School of Information Science and Engineering, Lanzhou University, Lanzhou 730000, China.
Key Laboratory of China's Ethnic Languages and Information Technology of Ministry of Education, Northwest Minzu University, Lanzhou 730030, China.
Bioinformatics. 2022 Sep 30;38(19):4573-4580. doi: 10.1093/bioinformatics/btac550.
Extracting useful molecular features is essential for molecular property prediction. Atom-level representation is a common representation of molecules, ignoring the sub-structure or branch information of molecules to some extent; however, it is vice versa for the substring-level representation. Both atom-level and substring-level representations may lose the neighborhood or spatial information of molecules. While molecular graph representation aggregating the neighborhood information of a molecule has a weak ability in expressing the chiral molecules or symmetrical structure. In this article, we aim to make use of the advantages of representations in different granularities simultaneously for molecular property prediction. To this end, we propose a fusion model named MultiGran-SMILES, which integrates the molecular features of atoms, sub-structures and graphs from the input. Compared with the single granularity representation of molecules, our method leverages the advantages of various granularity representations simultaneously and adjusts the contribution of each type of representation adaptively for molecular property prediction.
The experimental results show that our MultiGran-SMILES method achieves state-of-the-art performance on BBBP, LogP, HIV and ClinTox datasets. For the BACE, FDA and Tox21 datasets, the results are comparable with the state-of-the-art models. Moreover, the experimental results show that the gains of our proposed method are bigger for the molecules with obvious functional groups or branches.
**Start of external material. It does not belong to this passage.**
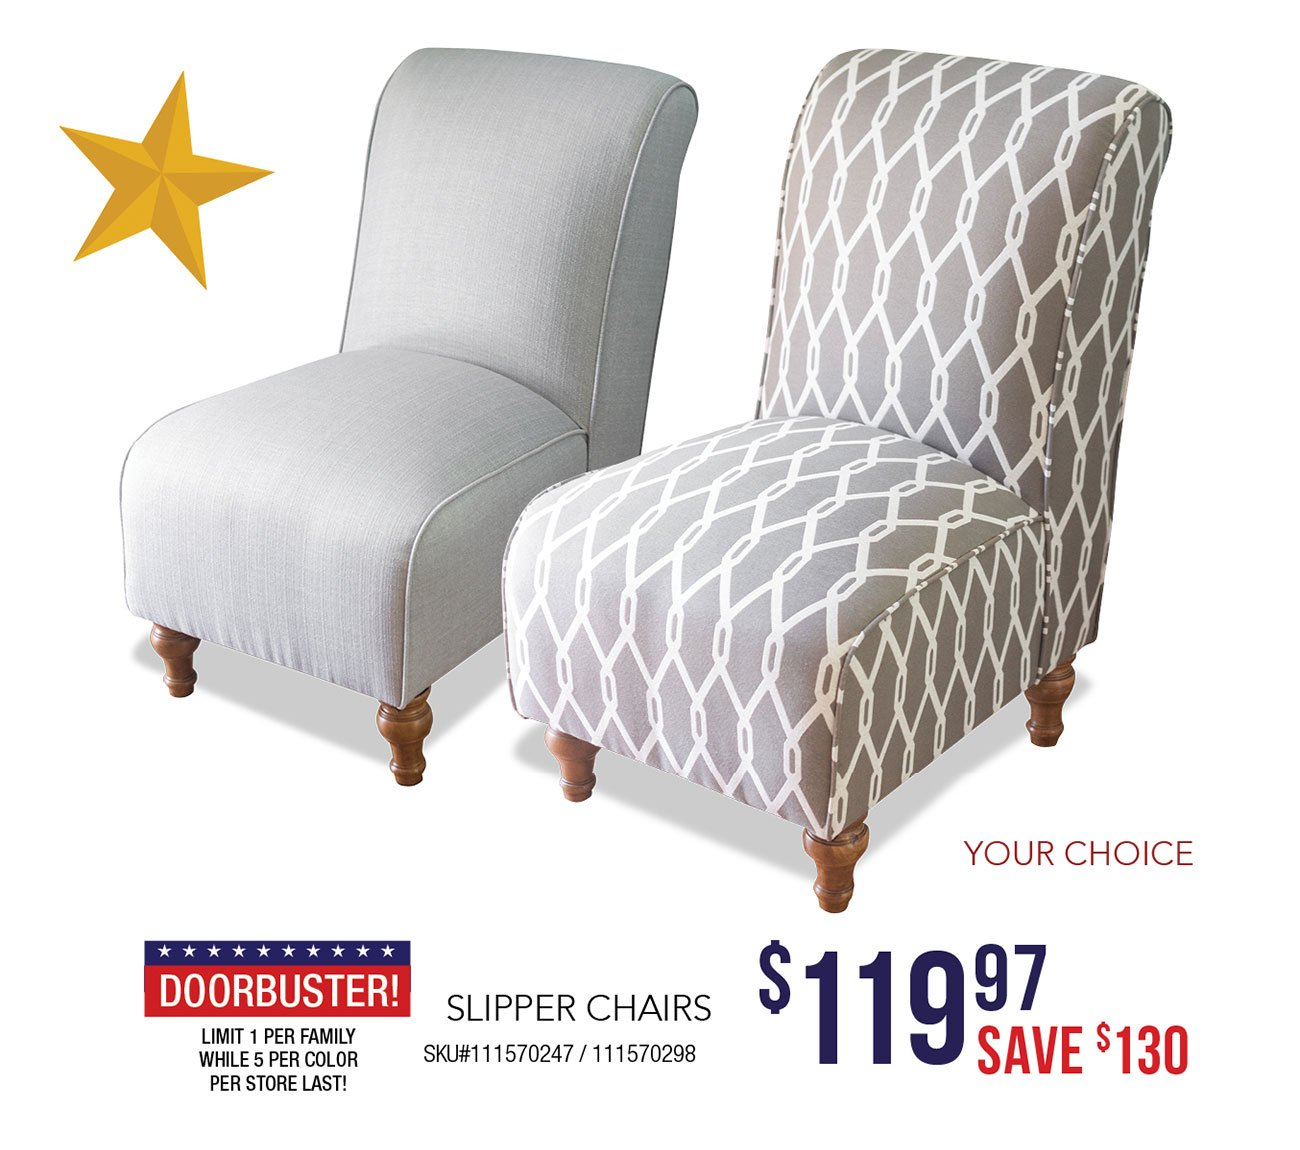 Slipper-chairs

The code and data underlying this work are available on GitHub at https://github. com/Jiangjing0122/MultiGran.
Supplementary data are available at Bioinformatics online.
提取有用的分子特征对于分子性质预测至关重要。原子级表示是一种常见的分子表示方法,在某种程度上忽略了分子的子结构或分支信息;然而,子串级表示则相反。原子级和子串级表示都可能丢失分子的邻域或空间信息。而聚合分子邻域信息的分子图表示在表达手性分子或对称结构方面能力较弱。在本文中,我们旨在同时利用不同粒度表示的优势来进行分子性质预测。为此,我们提出了一种名为 MultiGran-SMILES 的融合模型,它从输入中集成了原子、子结构和图形的分子特征。与分子的单一粒度表示相比,我们的方法同时利用了各种粒度表示的优势,并自适应地调整每种表示类型的贡献,以进行分子性质预测。
实验结果表明,我们的 MultiGran-SMILES 方法在 BBBP、LogP、HIV 和 ClinTox 数据集上达到了最先进的性能。对于 BACE、FDA 和 Tox21 数据集,结果与最先进的模型相当。此外,实验结果表明,对于具有明显官能团或分支的分子,我们提出的方法的增益更大。
本工作的代码和数据可在 GitHub 上获得,网址为 https://github.com/Jiangjing0122/MultiGran。
补充数据可在生物信息学在线获得。